そして未だに、冬人の前髪はやはりと言うかなんと言うか……冬樹と同じ左分け。
……こう見ると、まるで本物の冬樹が立っているようだ。
「大掃除、と言うほどではないが」
難しい顔をしたまま、冬樹によく似た冬人が答える。訝しむような目で、俺を見つめたまま。
「いや、十分凄いだろ! 辺り一面ピッカピカだぞ!」
「そう、だろうか。掃除をしてから数日経ったから、さすがに私はもう見慣れた」
キッチンの様子を見るに、冬人は今から料理でもしようとしていたのだろう。冬人の手には、まな板があった。
野菜も並んでいるし、食材から推察するに……どうやら、今日はシチューのようだ。
──ン?
──月島家の、シチュー?
『てへぺろっ!』
──刹那。
「──冬人ッ! ちょっと待ったッ!」
体が、勝手に動いた。
冬人が【シチューを作ろうとしている】と気付くと同時に、俺は【あの出来事】を思い出したのだ。
俺の中で【料理が下手】という概念をぶち壊した、最悪の事件。
──月島冬樹が作ろうとしたシチューだ。
俺は急いで、まな板を冬人から奪い取る。
さすがに驚いたのか、冬人がビクリと体を震わせた。それからすぐに、瞳を数回瞬かせて、俺を見上げる。
冬人の表情が変わったことにほんの少し喜びもしたが、それどころではない。
「いいか、冬人! 月島家がシチューを炙るってのは、冬樹から聞いてる。……だけどな! まな板は、真っ二つにするな! それは異常だ!」
鉈を持ち出して、まな板を真っ二つ。

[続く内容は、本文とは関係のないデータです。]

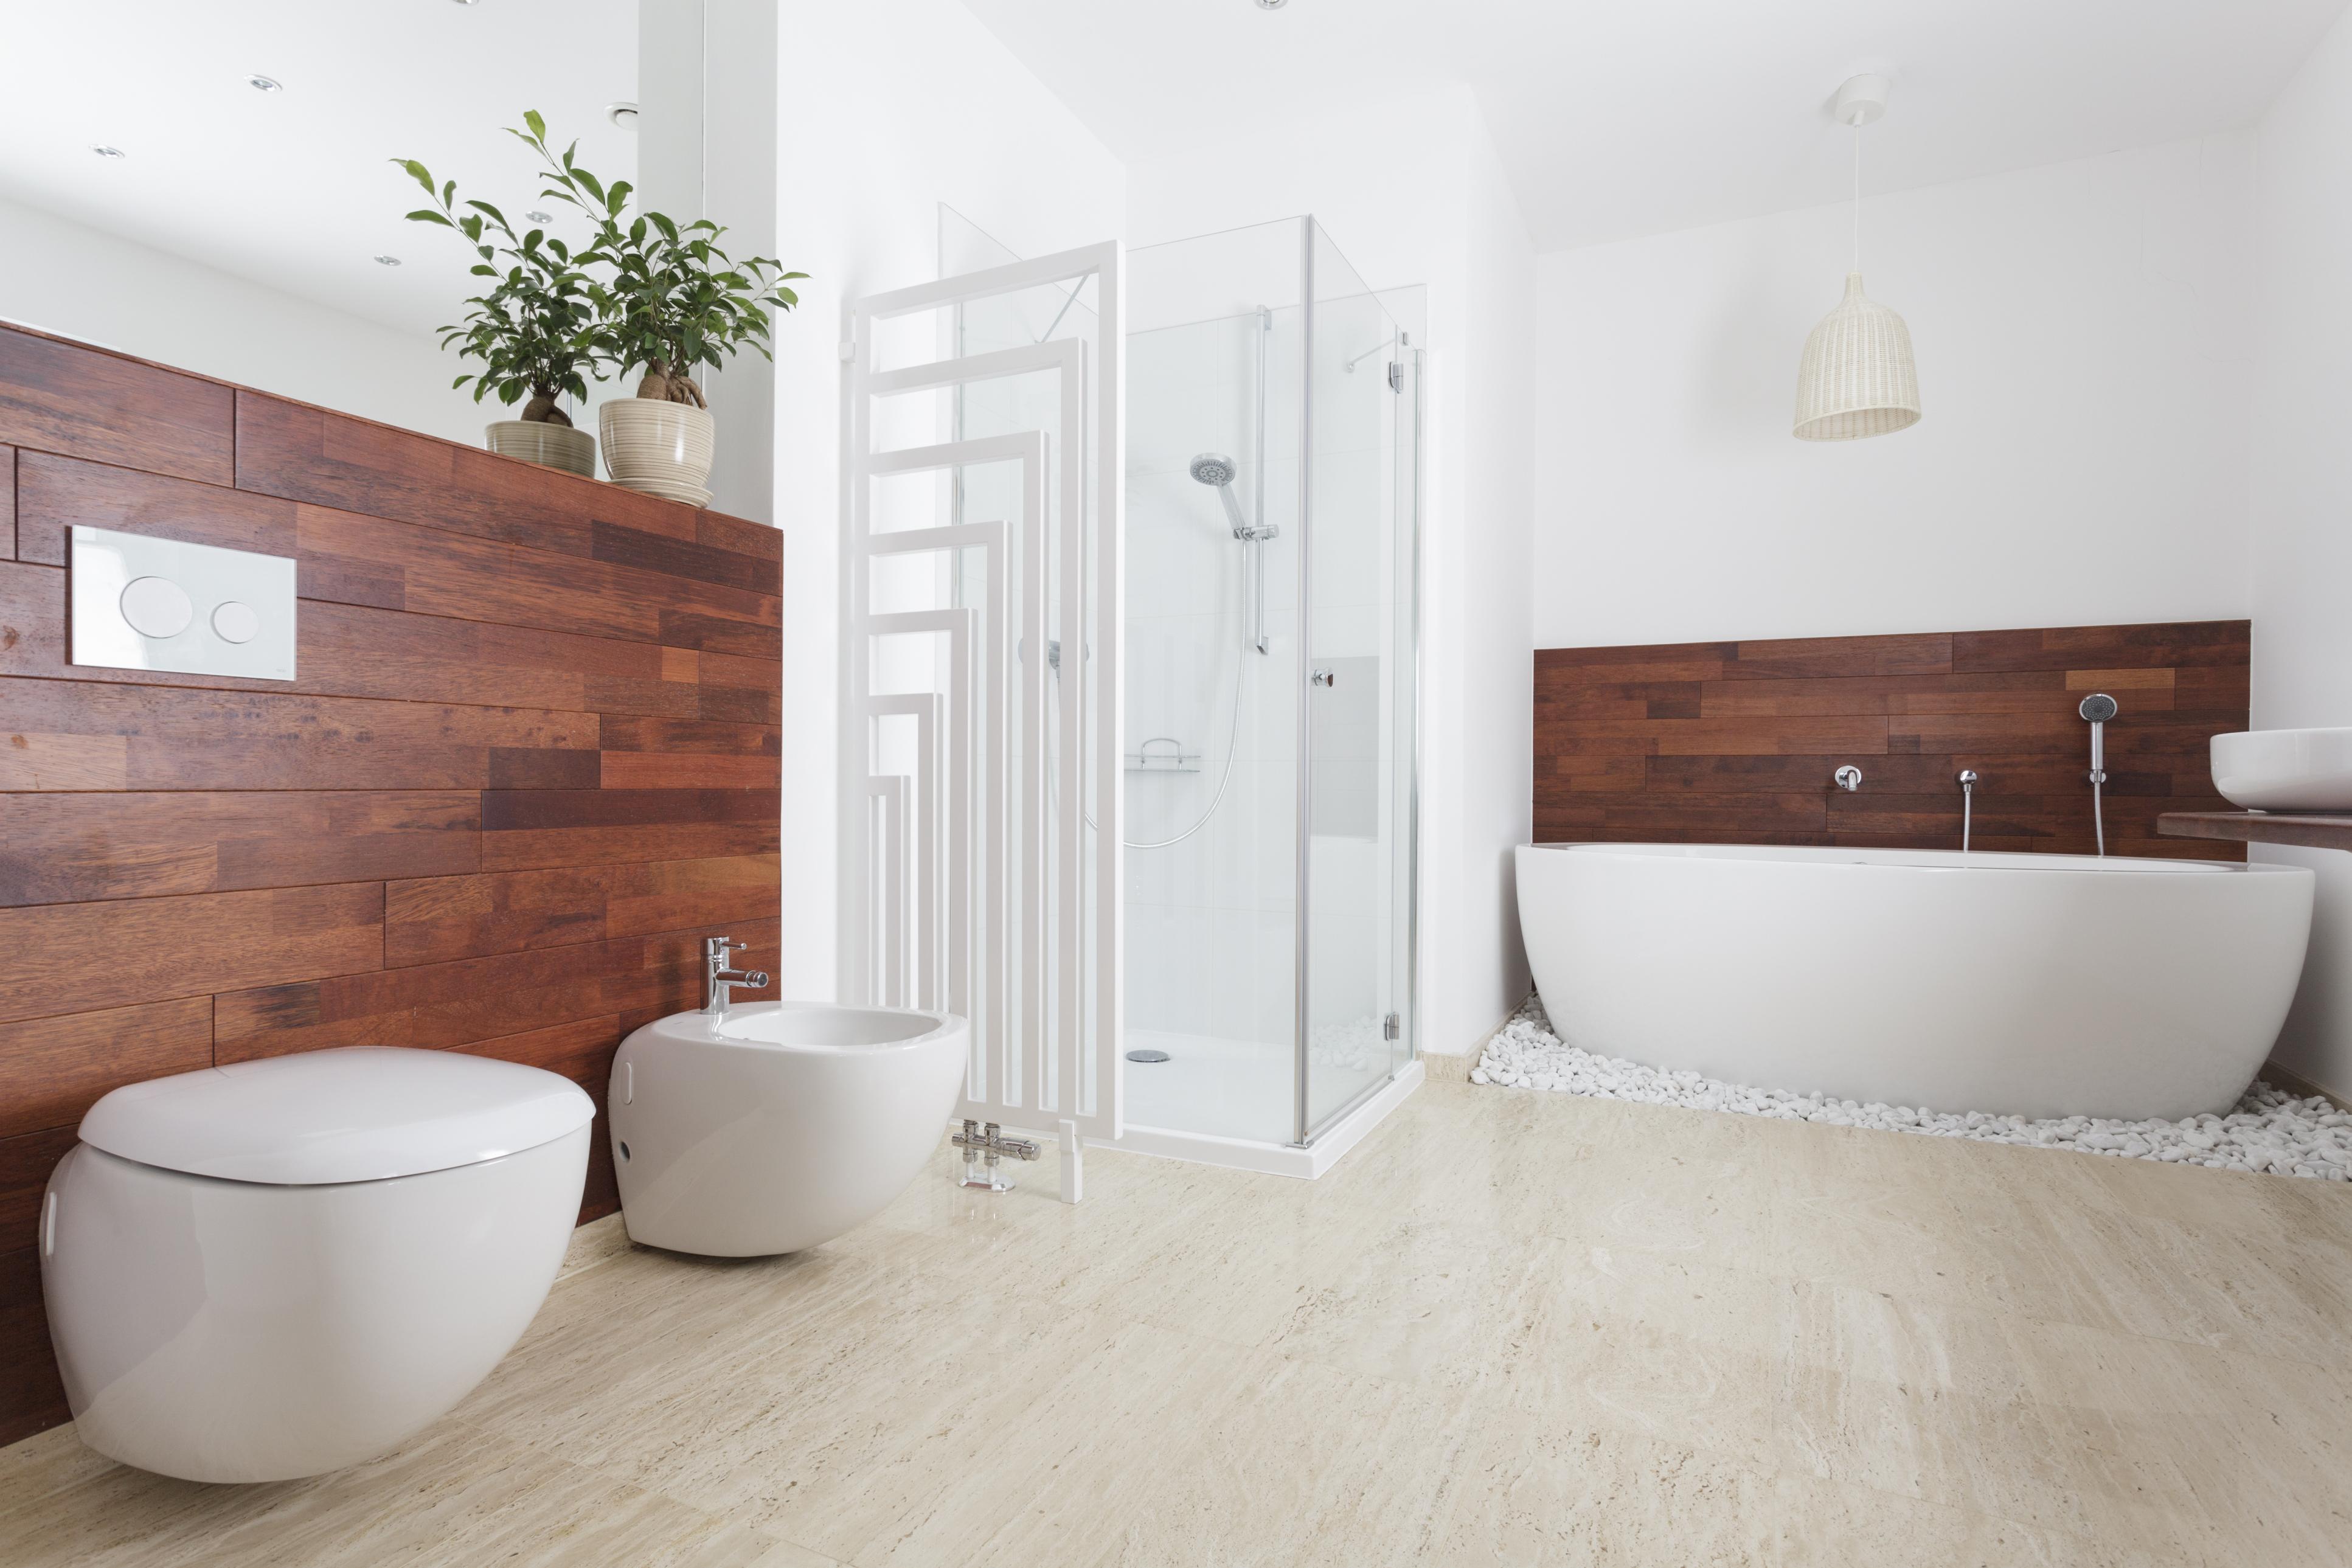 WC-Sitz montieren in 4 Schritten

その後、ガスバーナーとオリーブオイルを持って笑っていたのは、冬人の兄である冬樹だ。
俺の中に【料理】という概念の悪魔が降臨した日のことは、一生忘れない。
目の前にいるのは、そんな悪魔の血を受け継ぐ冬人だ。
悪魔が今、目の前で再臨するかもしれない。トラウマじみた恐怖に、俺は必死になって冬人を説得し始める。あんな悲劇は、繰り返してはいけないんだ!
だが……。
「兄の料理、見たのか」
俺と正反対に、冬人は冷静だった。
少しの間だけ目を丸くしていたが、僅か数秒だけ。やがて、俺が見慣れてしまったいつもの不愛想な冬人に戻る。
ポツリと呟いた後、冬人は冷蔵庫に向かった。
俺の制止を無視して、肉でも出そうとしているのか。……なんて思ったが、冬人が取り出したのは肉じゃない。ラップのかけてある皿だ。
皿の上には、唐揚げのように見える物が置いてある。
「兄は料理が破壊的に下手だが、私は違う」
あえて【壊滅的】ではなく【破壊的】という言い回し。……どうやら冬人も、冬樹の料理の腕を知っているようだ。
自分はそうではないと否定し、まるで『証拠だ』とでも言いたげに用意された皿。
これらの言動の意味を察するに、つまり……?
「──それ、冬人が作った、のか?」
訊くと、冬人はなんてことないように、コクリと頷いた。